The world currently lacks a consistent approach to ecological connectivity implementation, with connectivity conservation facing its greatest challenges outside of protected areas. In Europe, the combined impact of habitat loss, a lack of connectivity and impaired ecological functioning is a major barrier to nature conservation, and hampers achievement of the goals laid out in the Birds and Habitats Directives and the Water Framework Directive.
Boosting ecosystem connectivity – by restoring and maintaining large, inter-connected areas of high quality habitat such as naturally functioning wetlands, floodplains, forests and grasslands – is therefore critically important to the future conservation of European nature.
“The current Natura 2000 network, which is a great asset for European conservation encompassing nearly 20% of the territory of EU member states, is missing a connectivity element,” says Rewilding Europe’s managing director Frans Schepers. “Going fowards it is therefore critical that we create a well functioning, large-scale green and blue infrastructure across the continent.”
Last year, Rewilding Europe, together with BirdLife Europe and Central Asia, the WWF European Policy Office, the European Environmental Bureau and the German Centre for Integrative Biodiversity Research, launched a three-year initiative entitled “Promoting and shaping the EU restoration agenda, including TEN-G, through mobilisation of rewilding principles to create a coherent ecological network in Europe”.
The aim of the initiative is to strengthen the EU’s restoration agenda, and to ensure that a coherent ecological network is created in Europe through the promotion and use of rewilding principles.
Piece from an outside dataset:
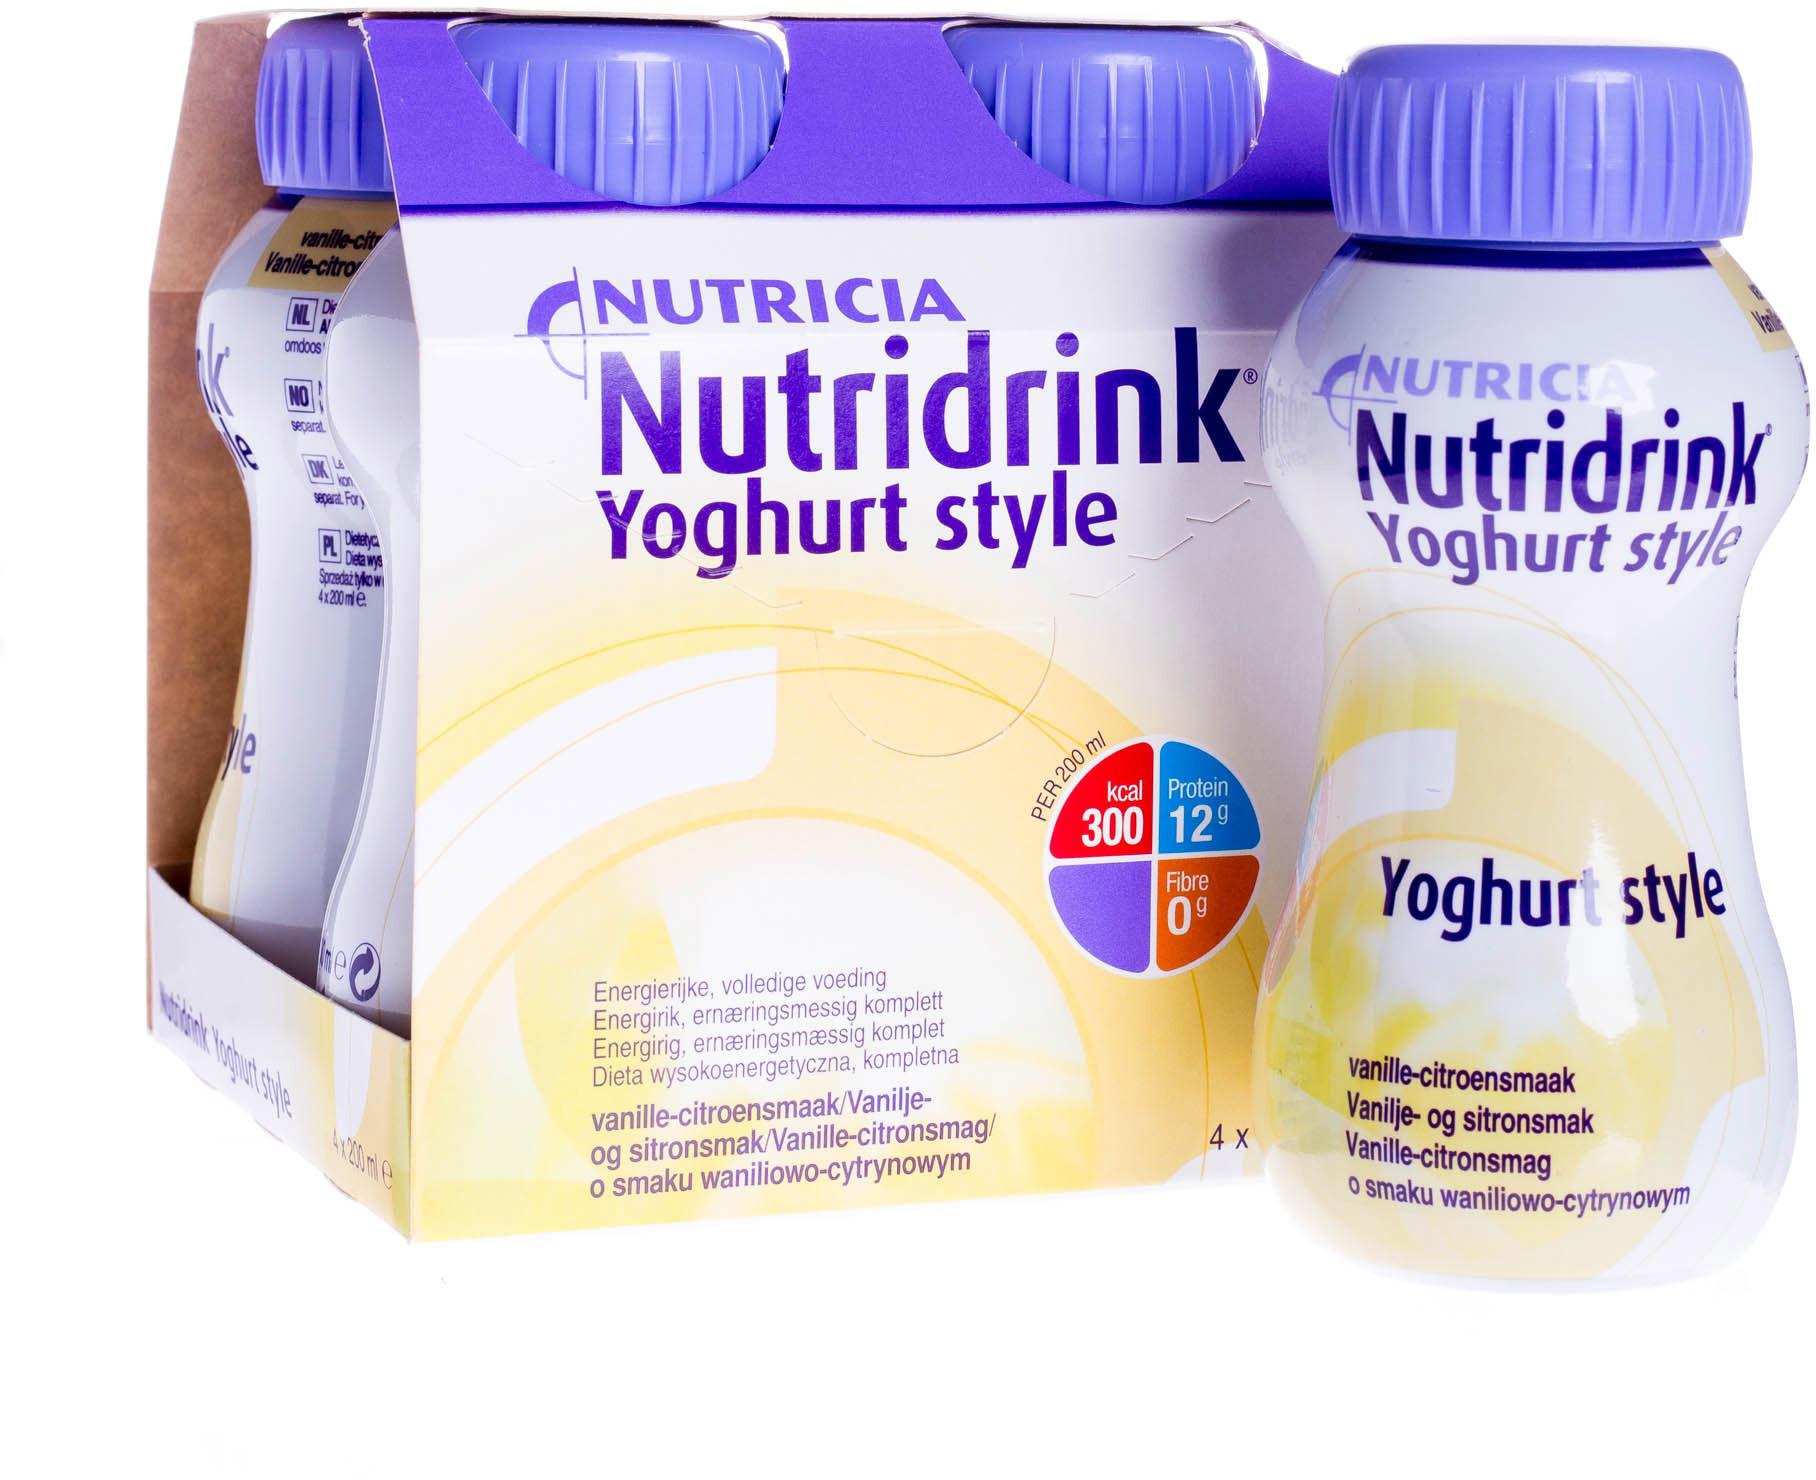 NUTRIDRINK Yoghurt Style smak waniliowo-cytrynowy 4 x 200 ml

Demonstrating that such principles are an efficient means of restoring European nature, those involved in the initiative will promote the acceptance of rewilding principles in political debate, and work towards their inclusion in the follow-up to the 2020 EU Biodiversity Strategy.
*By 2020, at least 17% of terrestrial and inland water areas and 10% of coastal and marine areas, especially areas of particular importance for biodiversity and ecosystem services, are conserved through effectively and equitably managed, ecologically representative and well-connected systems of protected areas and other effective area-based conservation measures, and integrated into the wider landscape and seascape.